## What you need to do
Once you find the line with "Ceramic Brake Pads, 2004-2010" in the listing below, please repeat it and every later line exactly, through the last one, without pictures.

## Recorded data
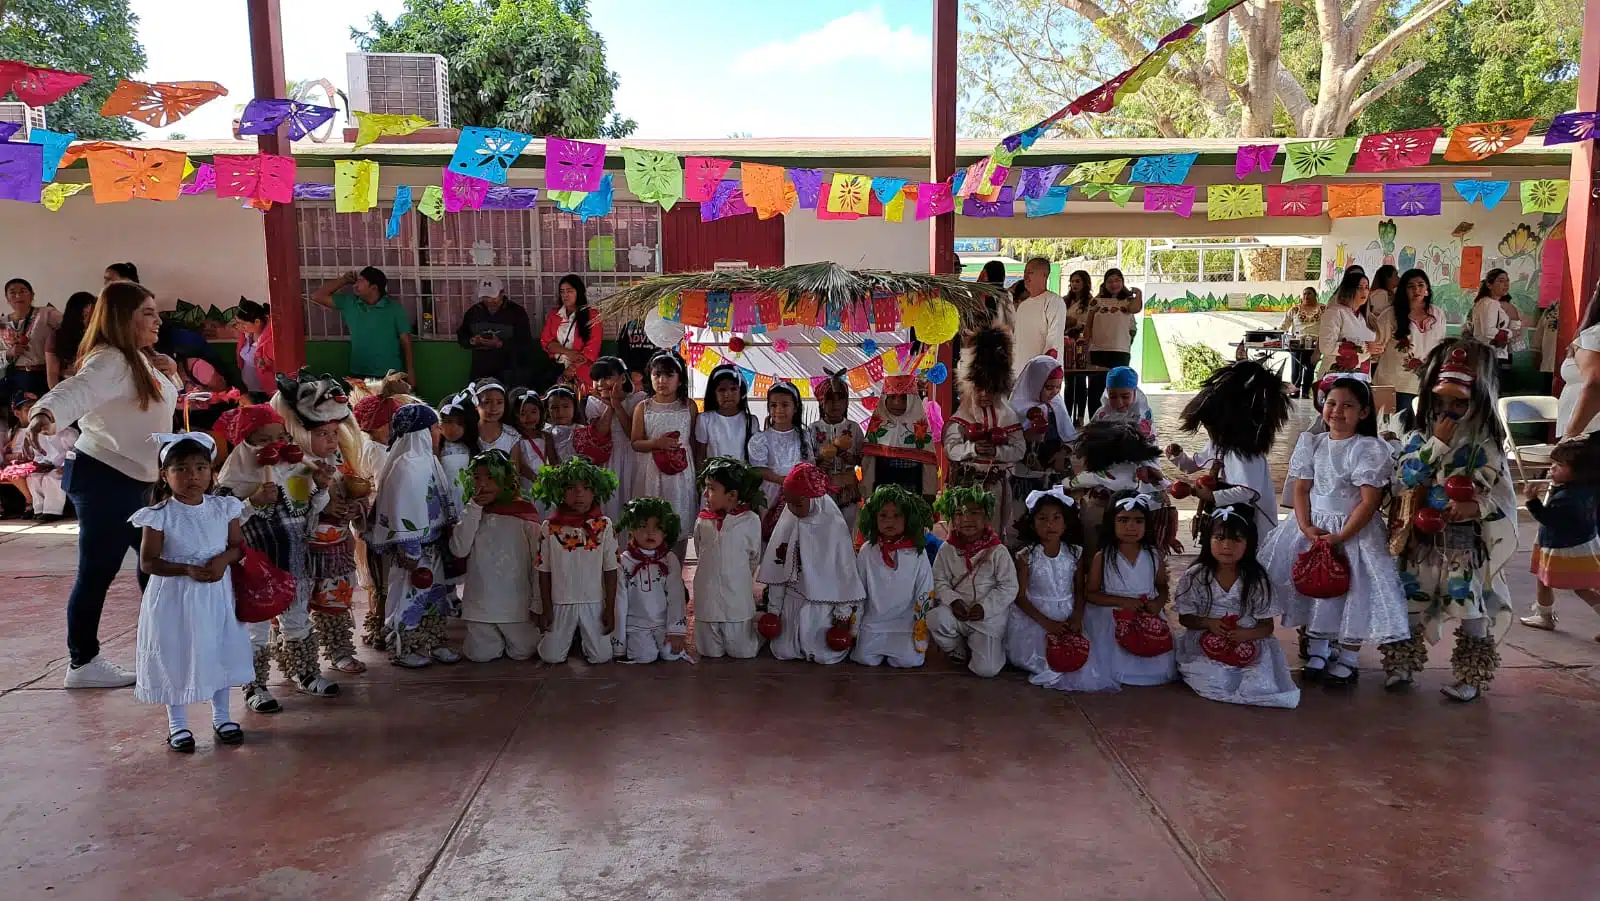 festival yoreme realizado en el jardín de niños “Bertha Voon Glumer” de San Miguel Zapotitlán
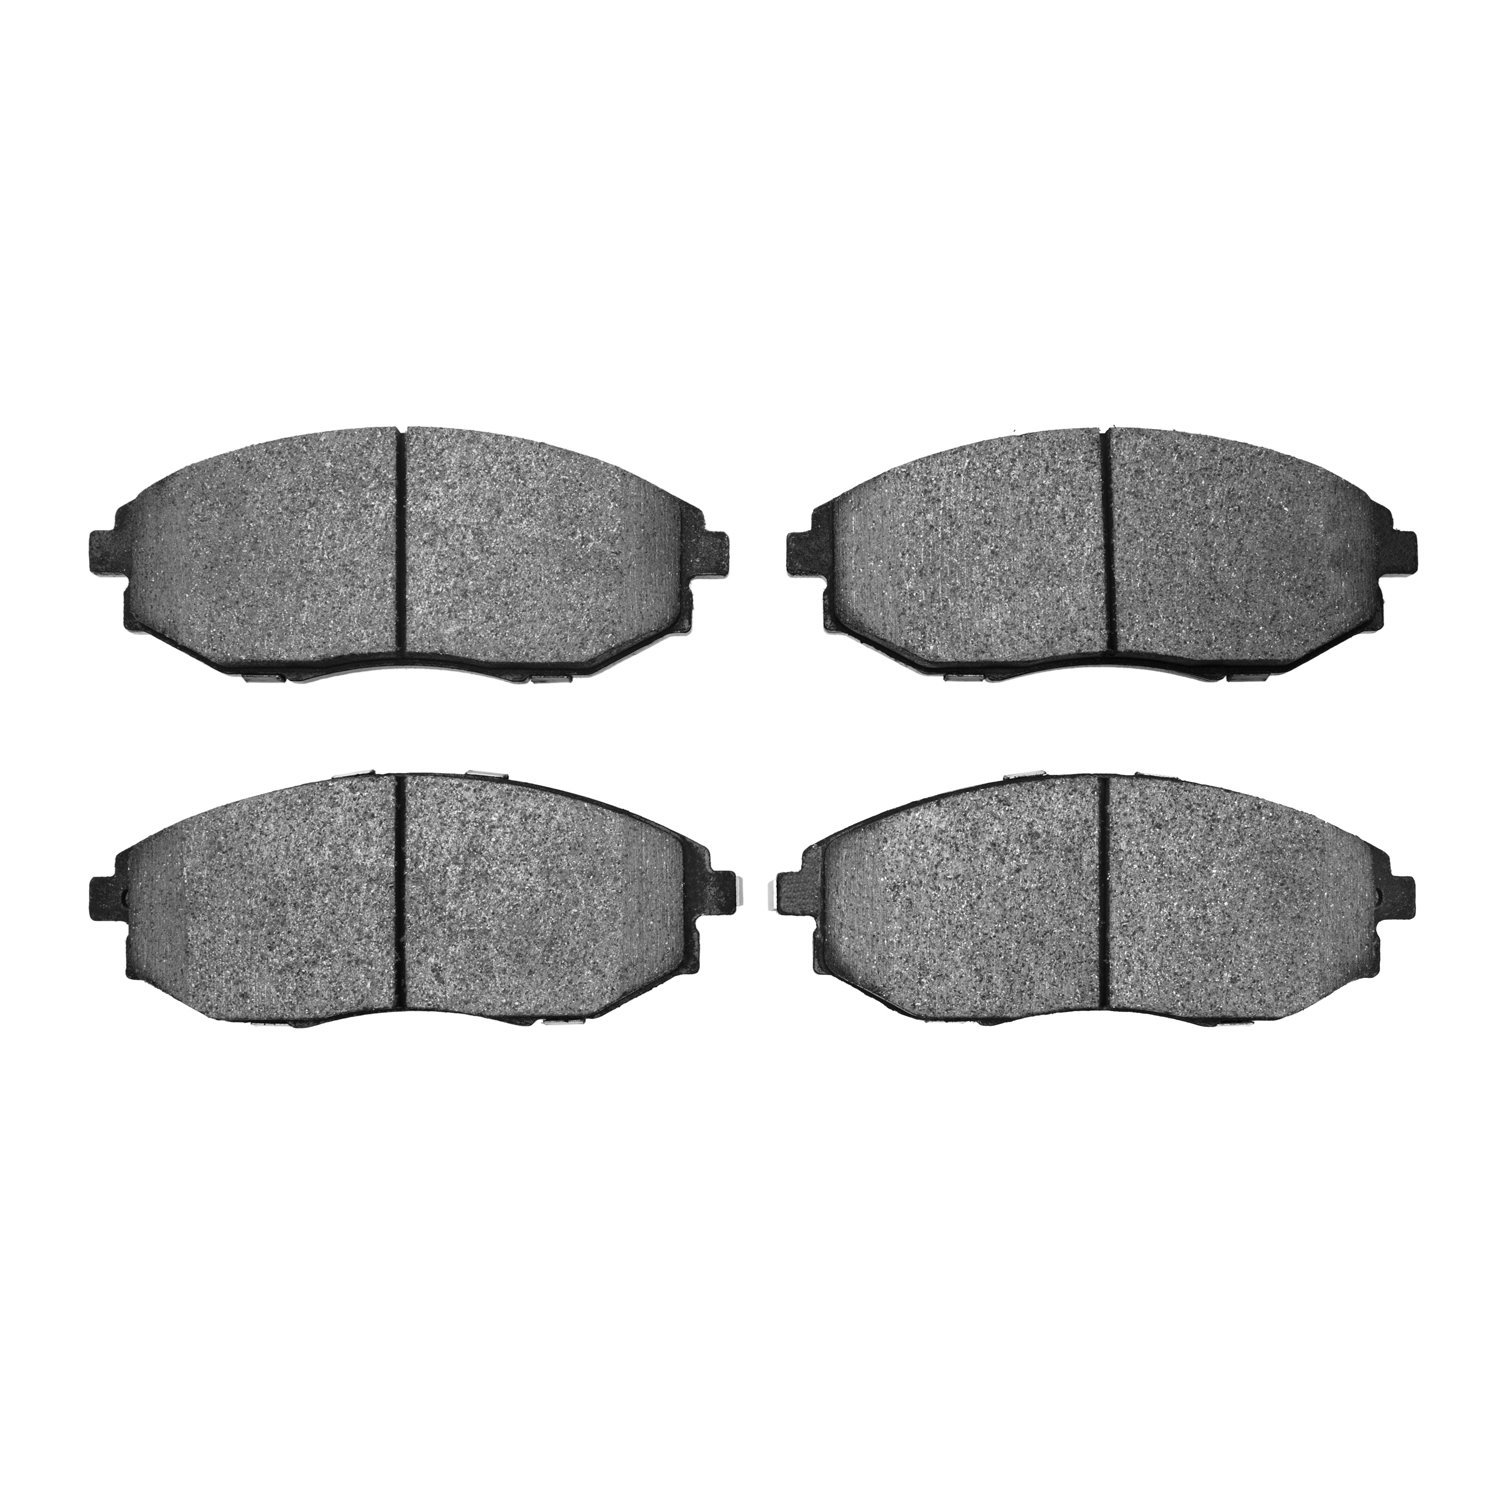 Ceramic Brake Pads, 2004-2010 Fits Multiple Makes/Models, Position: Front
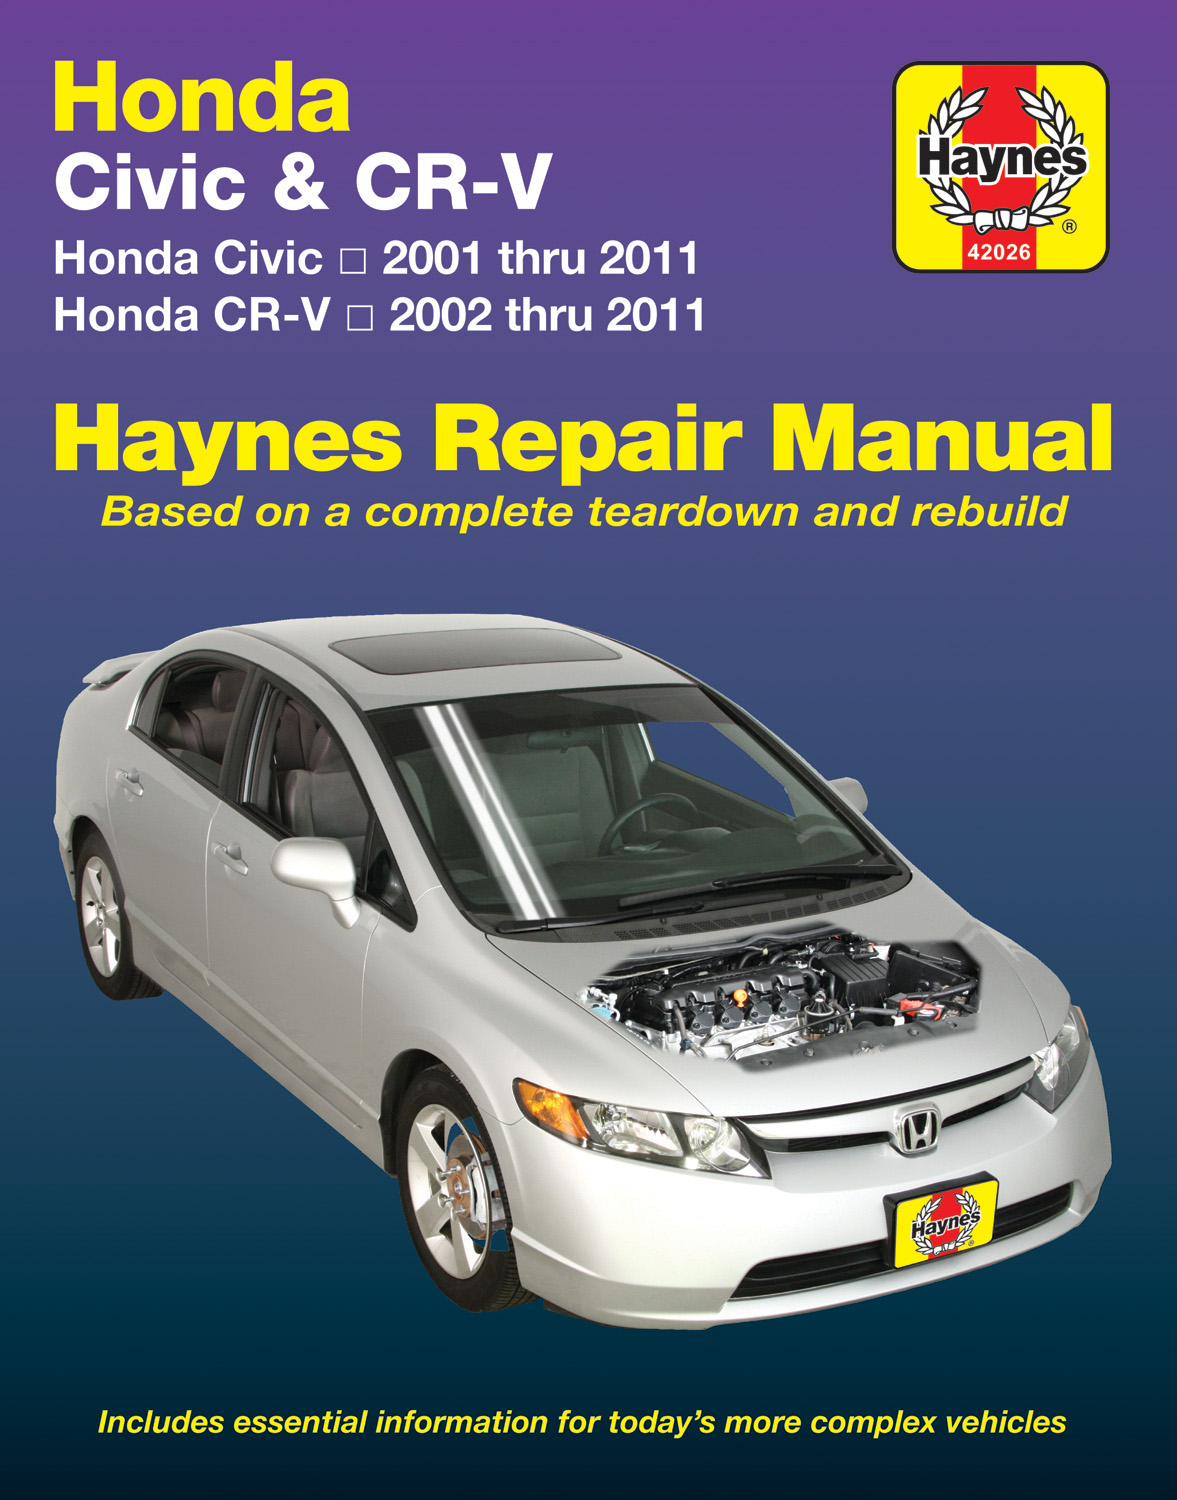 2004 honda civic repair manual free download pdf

## Exercise response
 Ceramic Brake Pads, 2004-2010 Fits Multiple Makes/Models, Position: Front
 2004 honda civic repair manual free download pdf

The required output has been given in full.